Forward-looking statements are not guarantees of future performance, actions, or developments and are based on expectations, assumptions and other factors that management currently believes are relevant, reasonable and appropriate in the circumstances, including, without limitation, the following assumptions: that the Company and Brightpath will be able to negotiate definitive agreements in respect of the Transaction, that the shareholders of the Company will approve the Transaction, the expected benefits of the Transaction, assumptions concerning general economic growth and the absence of unforeseen changes in the legislative and regulatory framework for the Company. Although management believes that the forward-looking statements are reasonable, actual results could be substantially different due to the risks and uncertainties associated with and inherent to the Company’s business. Material risks and uncertainties applicable to the forward-looking statements set out herein include, but are not limited to, the Company having insufficient financial resources to achieve its objectives; that the Transaction may not complete on terms agreeable to the Company, or at all; availability of further investments that are appropriate for the Company on terms that it finds acceptable or at all; successful completion of exits from investments on terms that constitute a gain when no such exits are currently anticipated; intense competition in all aspects of business; reliance on limited management resources; general economic risks; new laws and regulations and risk of litigation.

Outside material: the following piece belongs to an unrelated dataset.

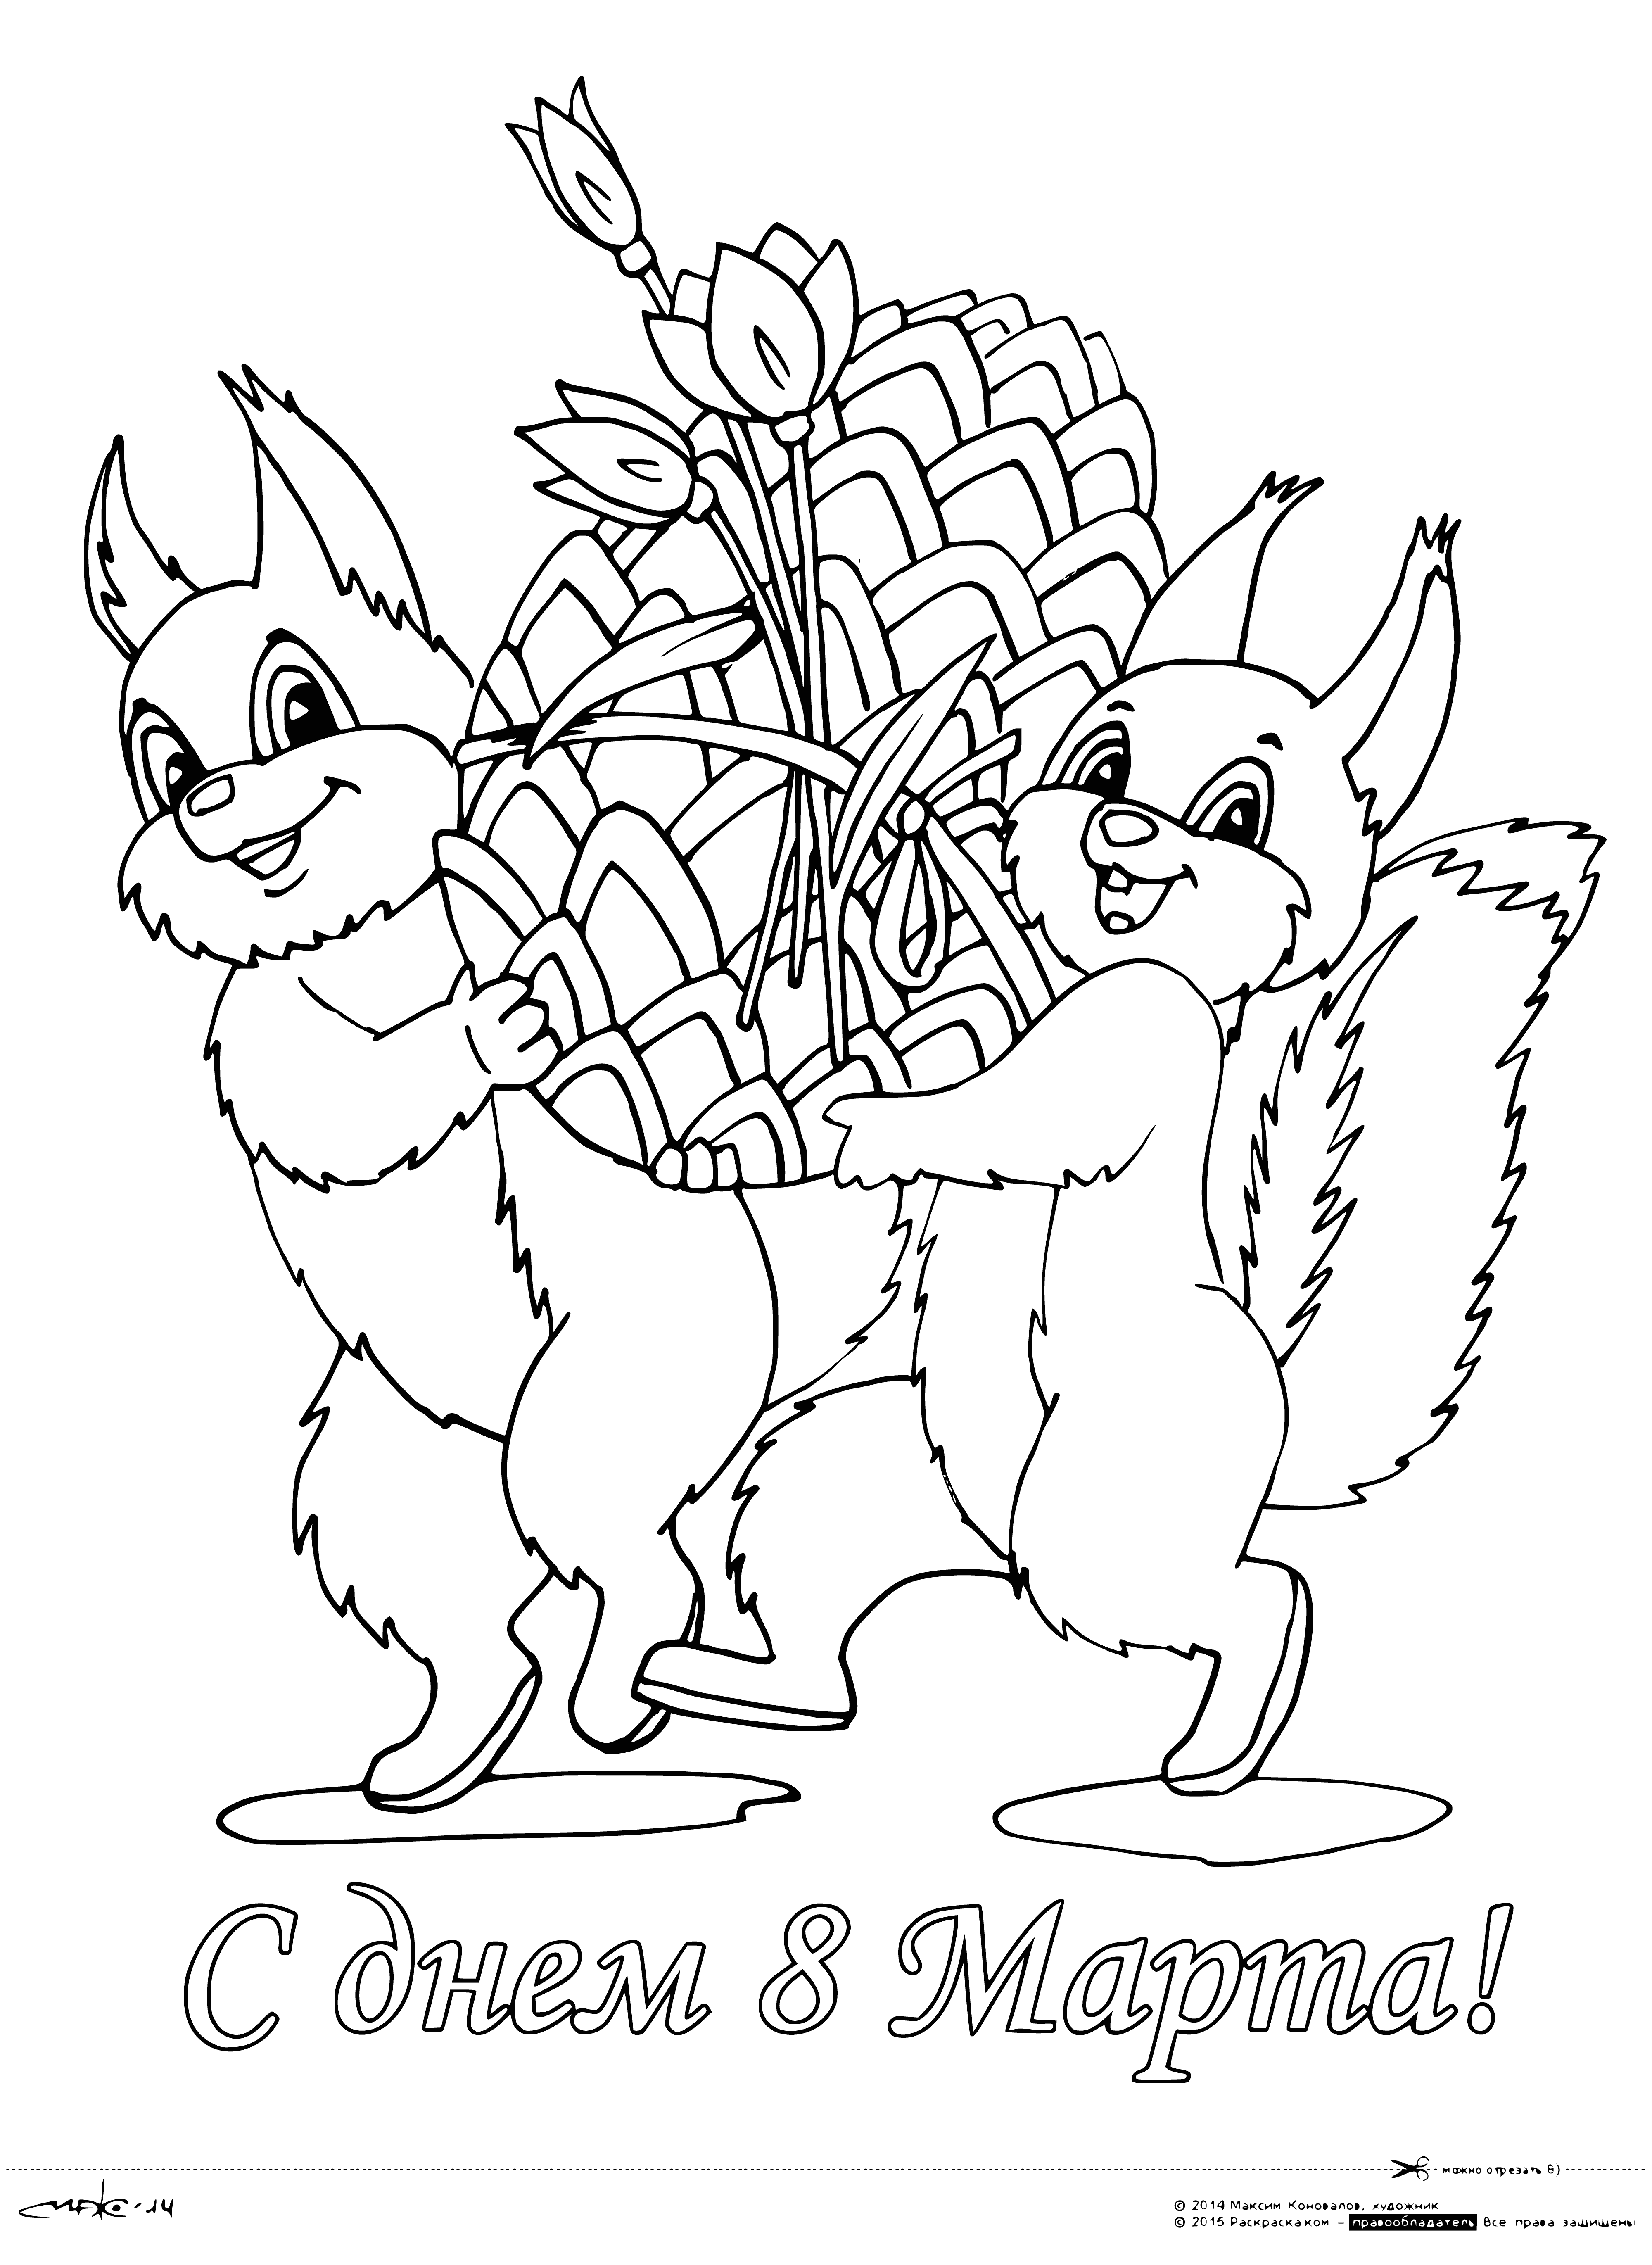 Happy 8 March greeting card coloring page

Although TIMIA has attempted to identify factors that may cause actual actions, events or results to differ materially from those disclosed in the forward-looking statements, there may be other factors that cause actions, events or results not to be as anticipated, predicted, estimated or intended. Also, many of the factors are beyond the control of TIMIA. Accordingly, readers should not place undue reliance on forward-looking statements. TIMIA undertakes no obligation to reissue or update any forward-looking statements as a result of new information or events after the date hereof except as may be required by law. All forward-looking statements contained in this news release are qualified by this cautionary statement.